Archive for August 2010

Eating for England by Trevor Jamison

I seem to have spent this week eating for England (or should that be ‘eating for Ireland’?).  In Brentwood the URC and Methodist Churches have joined forces to provide “Brentwood Break”, a series of activities for older folks who have not got away on holiday.  Not surprisingly for a Church event, food has featured prominently and all look to the Minister to provide strong Christian leadership in consuming what is on offer.  This is but the hors d’oevre for what lies ahead, for we are now moving into harvest season and at the fourth attempt since I came here the three Churches in the pastorate have coordinated harvest service and harvest meals so that I am able to attend (and consume) all three.  It’s not quite The Vicar of Dibley, where the unfortunate priest accepts invitations to several Christmas dinners on the one day but there’s more than a slight echo as far as I am concerned. 

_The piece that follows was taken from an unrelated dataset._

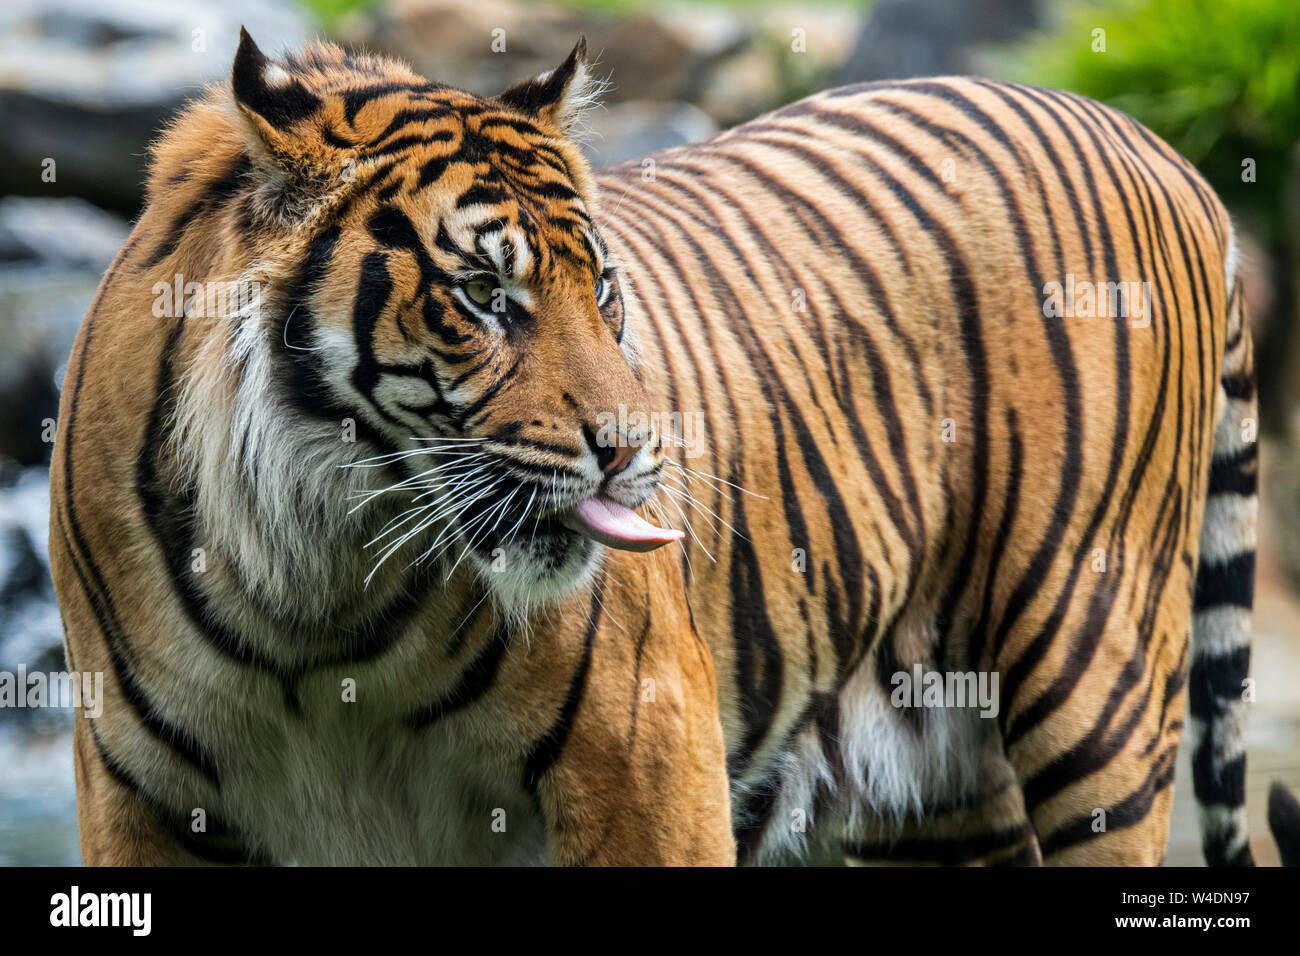 Sumatra-tiger (Panthera tigris sondaica) Zunge heraus, native auf der indonesischen Insel Sumatra, Indonesien Stockfoto

Food eaten together seems to be such an important part of the life of our Churches.  Was Methodism, for example, really “born in song” as the hymn writer puts it or, as a sceptic suggested “floated on tea”?  Whatever the history of our Churches, recent architectural changes tell their story.  In many Church halls up and down the length of country (including at Ingatestone URC and the Belfast Church in which I grew up) stages have been torn out, to be replaced by enlarged kitchens.  In others, kitchens have been refurbished (as at Billericay recently) or even brought up to professional catering standard (as at Brentwood).  Is it that our Churches are just mirroring the greater interest our wealthier society has exhibited in culinary matters in the past few decades?  Perhaps there is something in that but I am sure it does not tell the whole story. Food, whether eaten together at times of celebration, at times of sadness, or just as part of a regular get-together carries a lot of significance beyond just taking aboard the necessary calories to keep body (and soul?) together.  Food eaten in the context of Church is inescapably about sharing with each other.  I recently heard one Church member who declined to rush forward to be first at the food table comment that they were not worried as in several decades they had never yet attended a Church event where too little food was provided for those who turned up.  Meals, eaten in Churches that have emphasised the word, spoken and heard, and the use of the intellect in the service of God, are a welcome opportunity to exercise those other senses of taste, smell and touch that might otherwise be a bit neglected in our tradition.  Food, available to us in plenty in the context of a world where this is not always the case, can function as a reminder of God’s generosity to us and of our wider responsibility to share with others. 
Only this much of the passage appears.